* [Activity]:
When you reach the line that contains "Untamo Rocca чехол", please begin copying, and carry on exactly to the last line of the material, leaving out every picture.

* [Given information]:

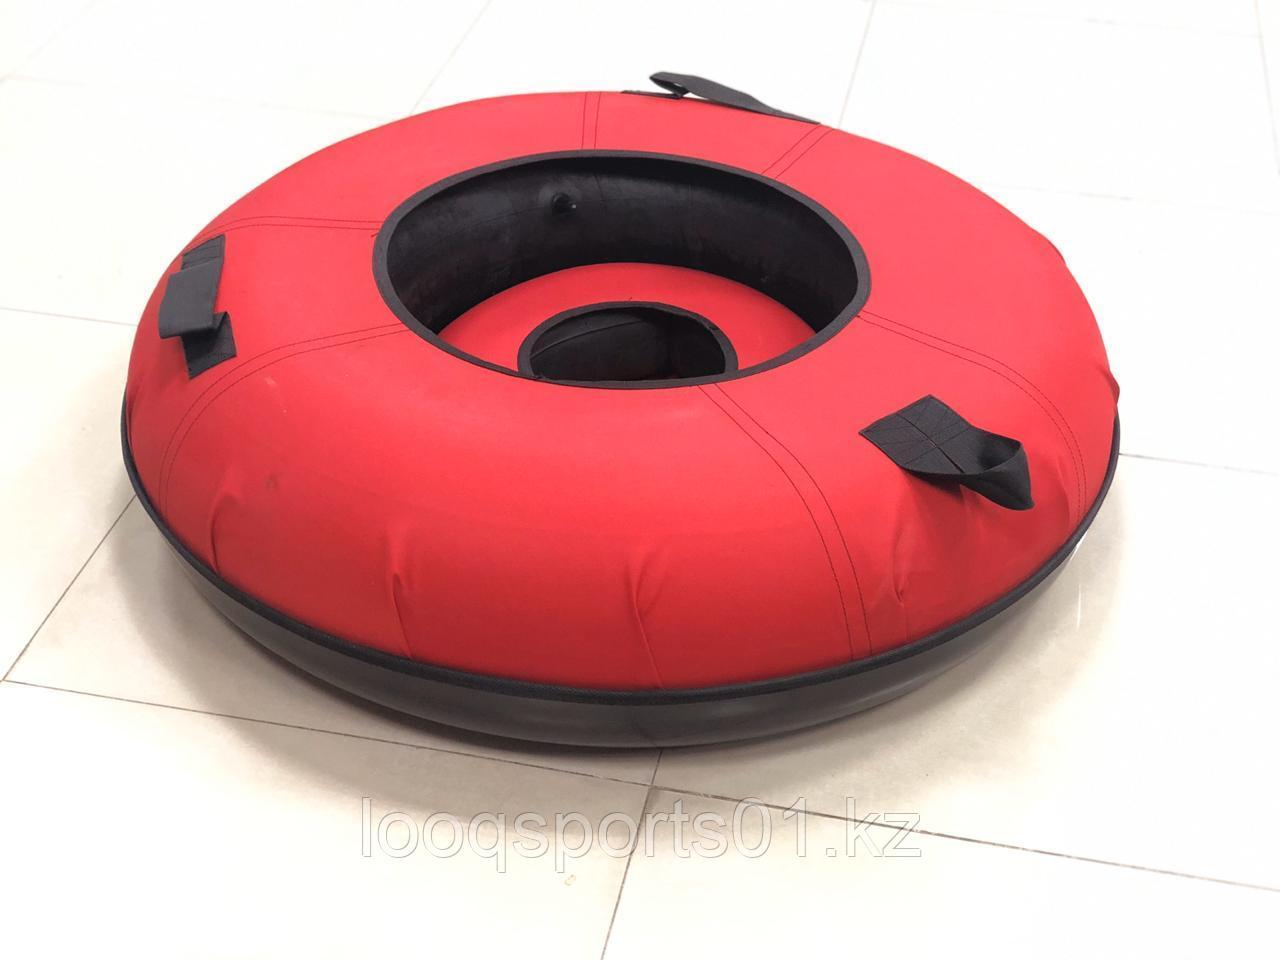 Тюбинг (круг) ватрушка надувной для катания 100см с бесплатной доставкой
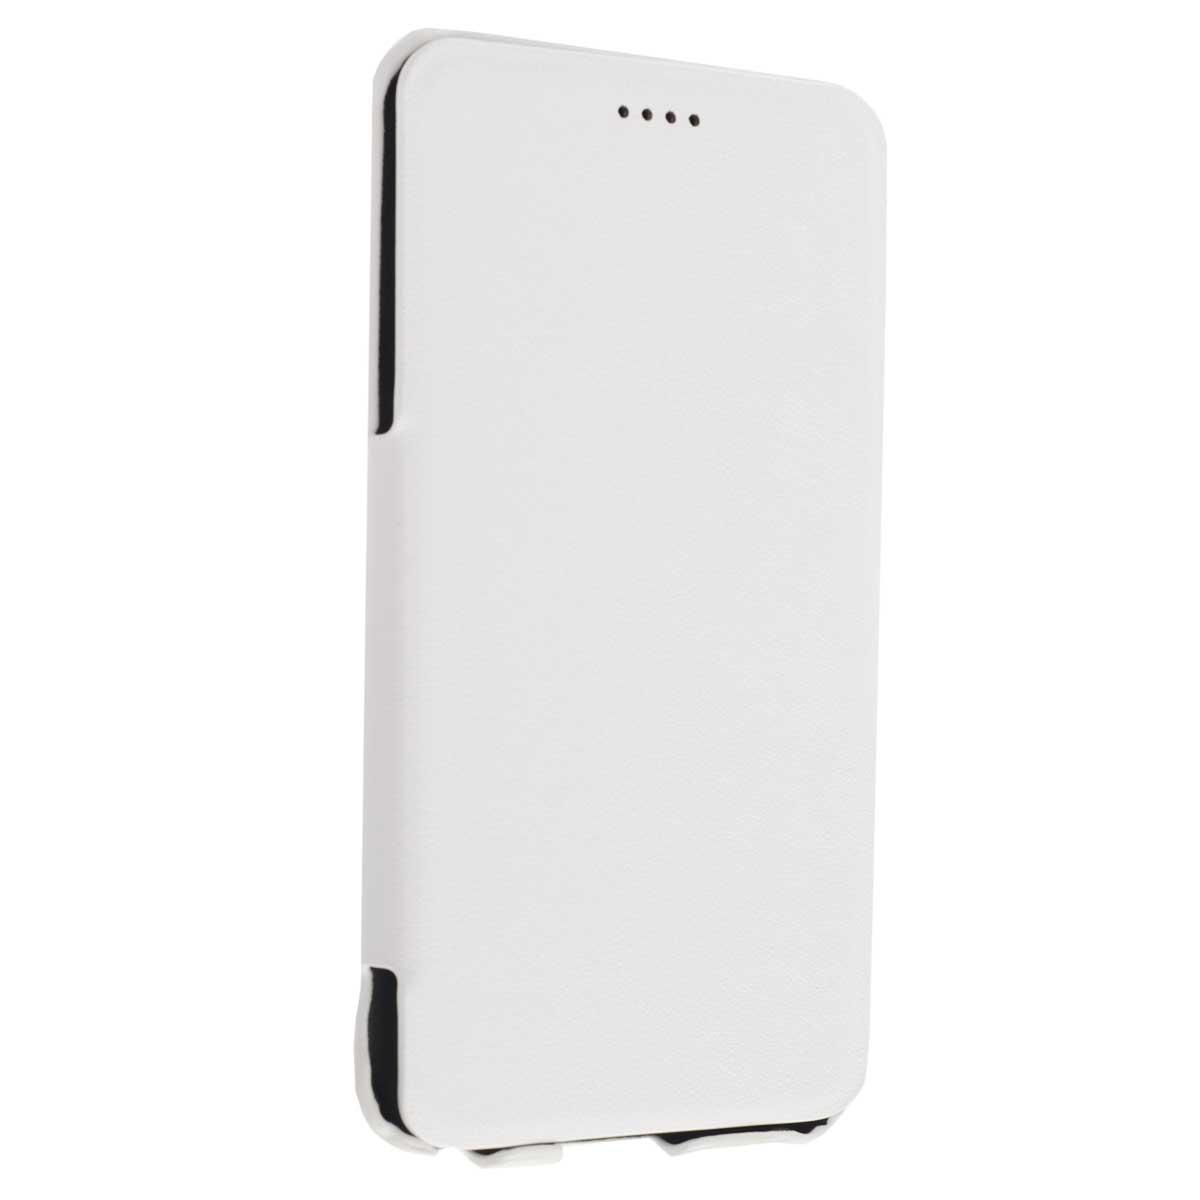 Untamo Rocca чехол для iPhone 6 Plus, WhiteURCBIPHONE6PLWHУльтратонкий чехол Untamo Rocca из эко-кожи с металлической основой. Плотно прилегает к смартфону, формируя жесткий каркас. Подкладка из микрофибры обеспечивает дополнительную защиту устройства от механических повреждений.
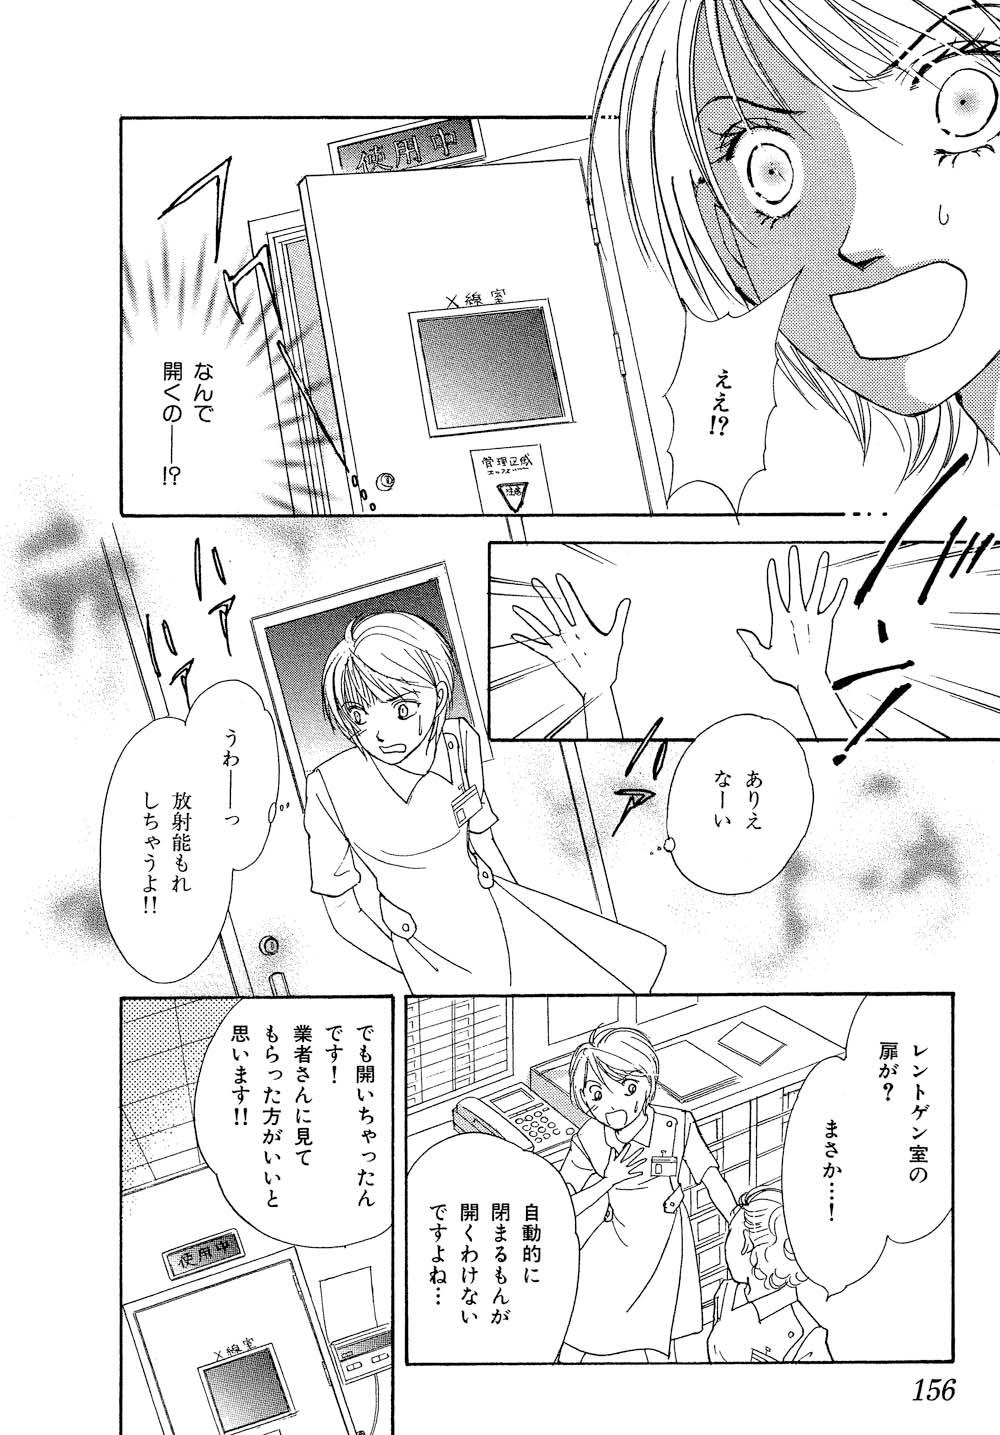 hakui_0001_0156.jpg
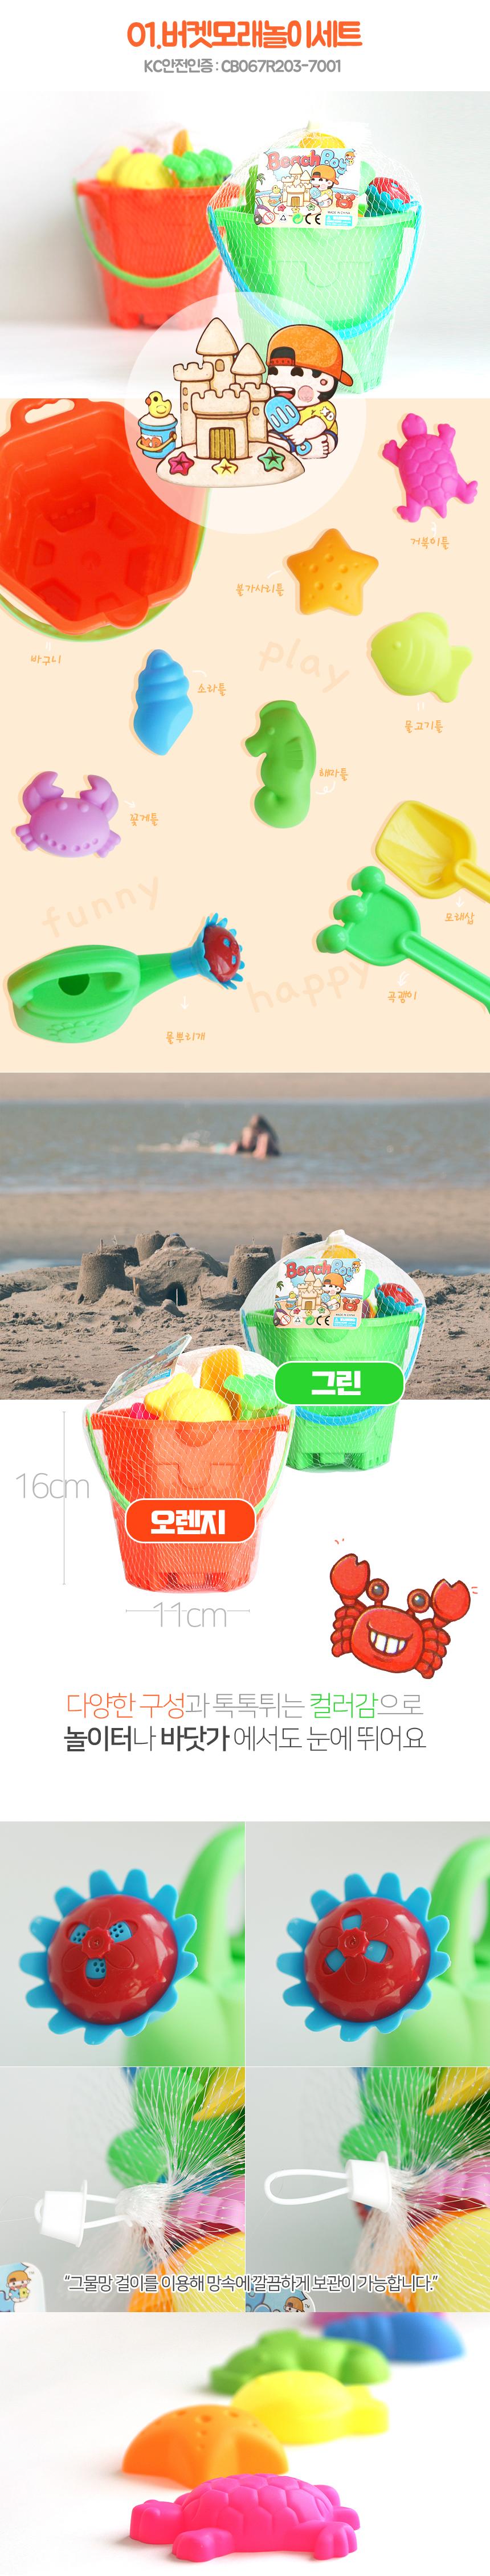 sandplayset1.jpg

* [Problem solution]:
 Untamo Rocca чехол для iPhone 6 Plus, WhiteURCBIPHONE6PLWHУльтратонкий чехол Untamo Rocca из эко-кожи с металлической основой. Плотно прилегает к смартфону, формируя жесткий каркас. Подкладка из микрофибры обеспечивает дополнительную защиту устройства от механических повреждений.
 hakui_0001_0156.jpg
 sandplayset1.jpg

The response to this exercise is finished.